And this form of deep unfolding is a form of model-based deep learning, which if we discuss model-based deep learning is a lot about converting classical algorithms into machine learning algorithms. Here the idea is do the family of... signal processing algorithms which we are focusing on are essentially on iterative optimizers. So the overall overarching idea of B-pan folding is to take an iterative optimizer, fix the number of iterations, and then just...
Treat each one of those iterations as a layer of a neural network. So to understand how deep unfolding works, let's go back to some of the things we already mentioned before. of how, in general, an optimization-based algorithm works. So typically, when we set up a signal processing problem as an optimization problem, we have an objective function, right? That's, of course, the essence.

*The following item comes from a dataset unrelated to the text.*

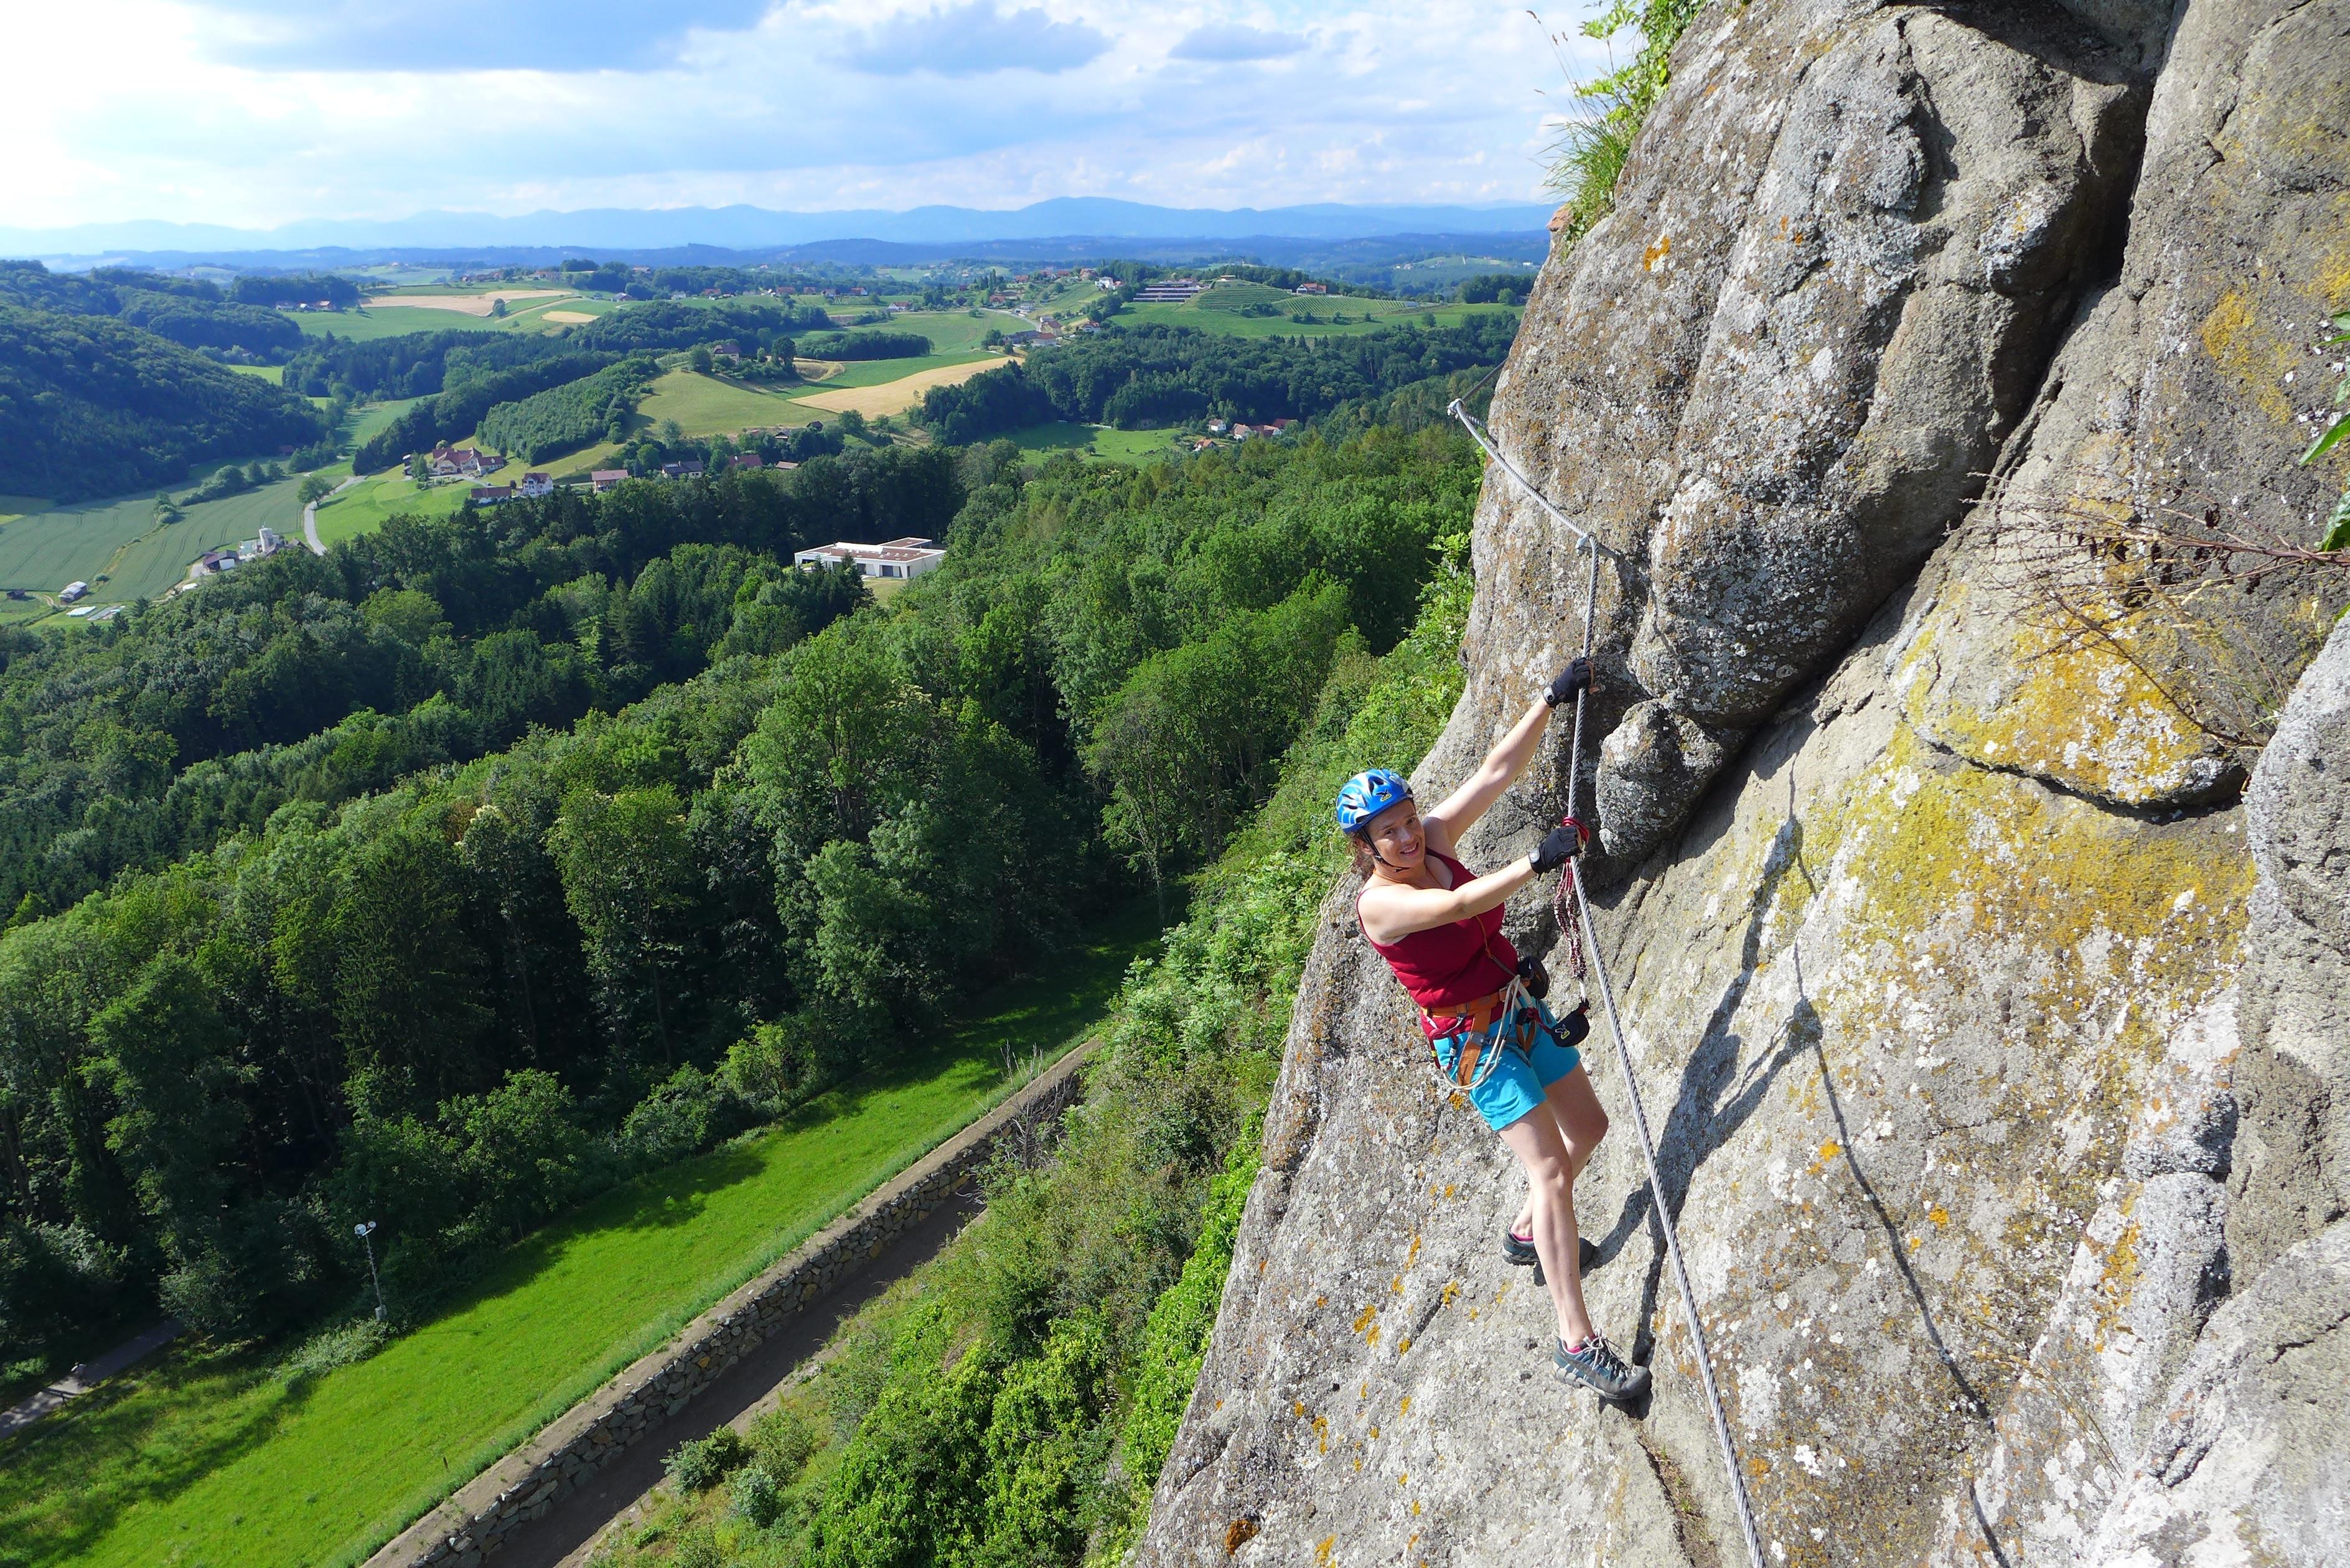 Klettersteig Riegersburg : Klettersteige leopold und heinrich klettersteig km bergwelten

of what we're going to be looking at. So we have an objective function and that objective function itself often has parameters. So if we're adding a regularizer, let's say we have a least squares objective. So, you know, the norm of y minus ax. And then we add a regularizer on X. So we want X to be sparse, for example. We'll add an L1 regularizer. Or we want X to be norm-bounded. We'll add an L2 regularizer.

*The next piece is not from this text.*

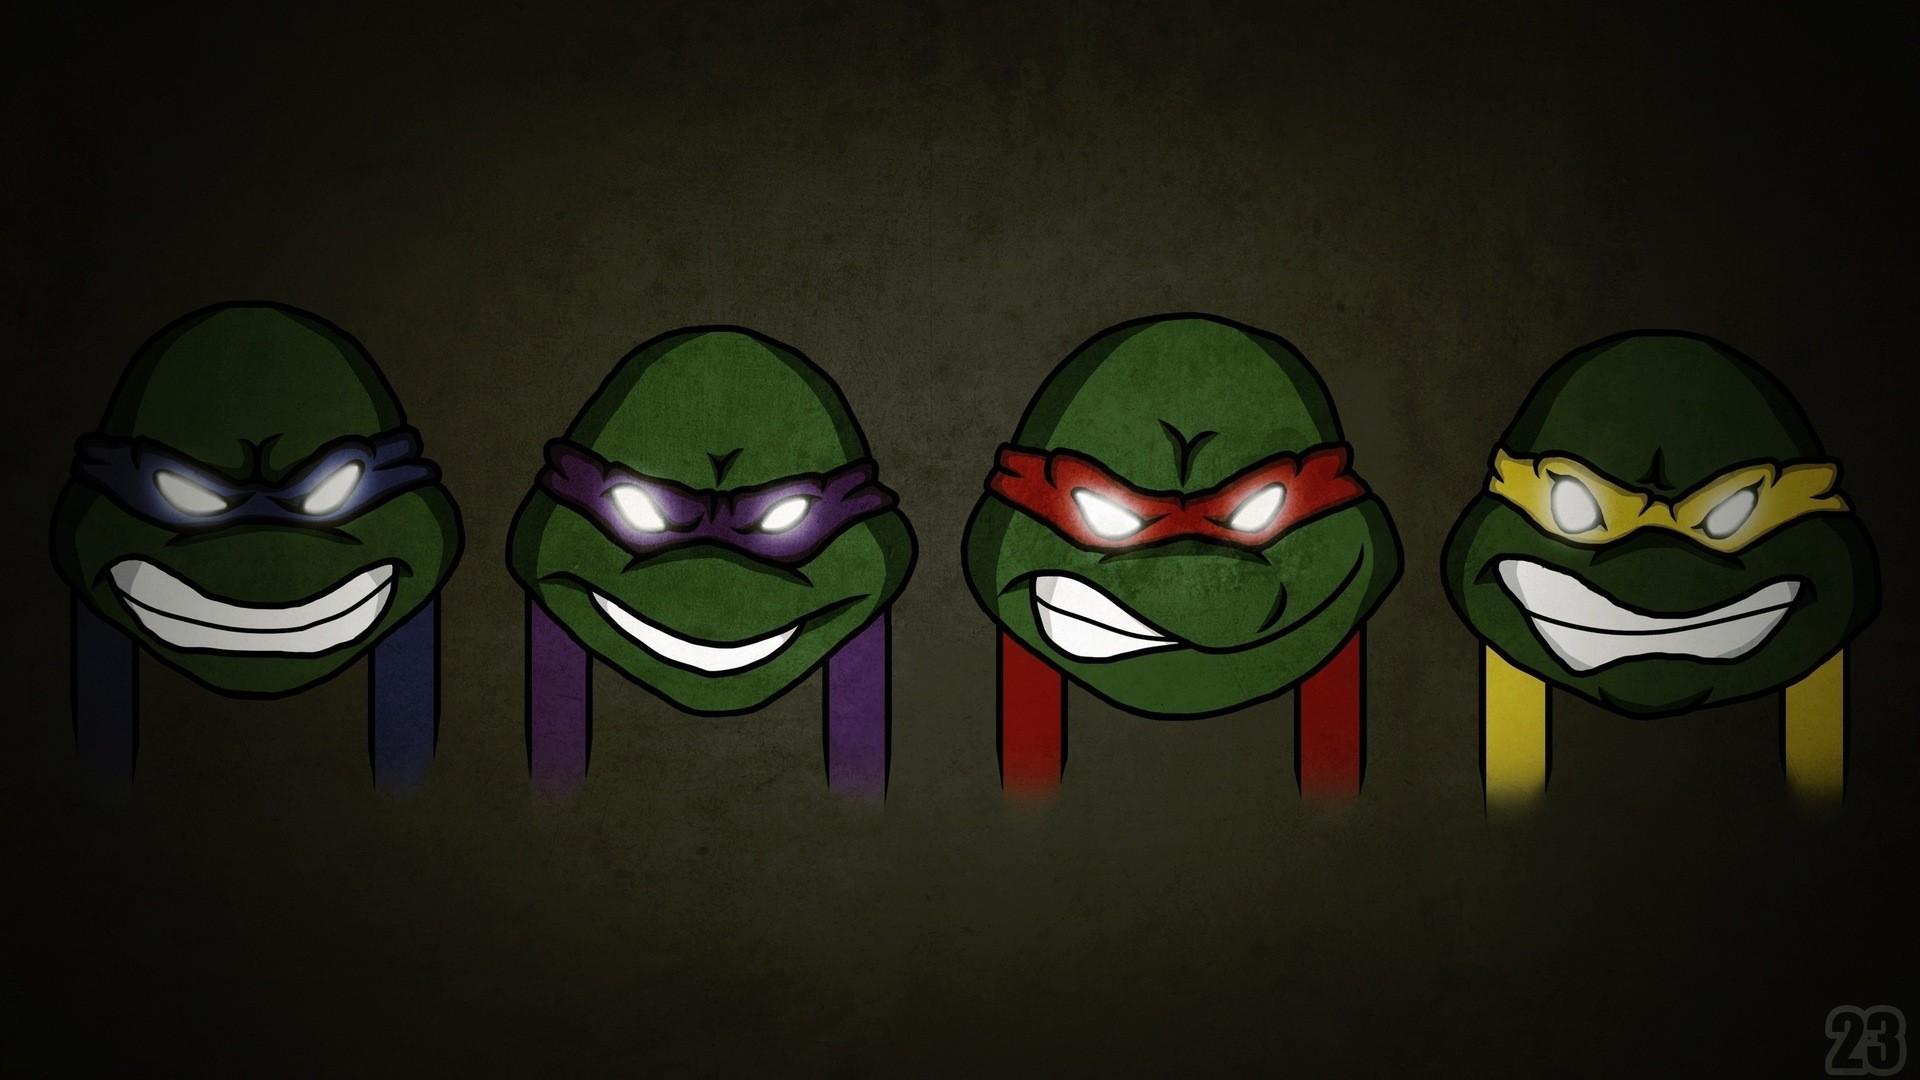 Cartoon Cute Ninja Turtles

And when we add that regularizer to the objective function, we typically have a parameter that weights the regularizer with respect to the error metric, right? So we'll have lambda, the L1 norm of x, for example. So the objective function itself. will typically have parameters in it, and we have to decide how we're going to fix those parameters in a typical optimization problem. So we have the metric with its parameters, and now we're going to use a solver.
to solve that metric. So we could use, you know, gradient descent, proximal gradient, ADMN, and many other choices of iterative algorithms. And those algorithms themselves have hyperparameters. associated with them. So even in let's say the simplest form of gradient descent, right, we look at the previous iteration, plus we move in the direction of the gradient, but we typically scale that move.
by some weighting factor. Let's call it mu, for example. So that mu is a hyperparameter of the algorithm. So at the end, when we're setting this up as an optimization problem, we have parameters that come with the objective itself, and those are kind of essential to the objective. And then we have hyperparameters that come from the iterative solver that we choose to use. So these, in general, are parameters that we have to choose.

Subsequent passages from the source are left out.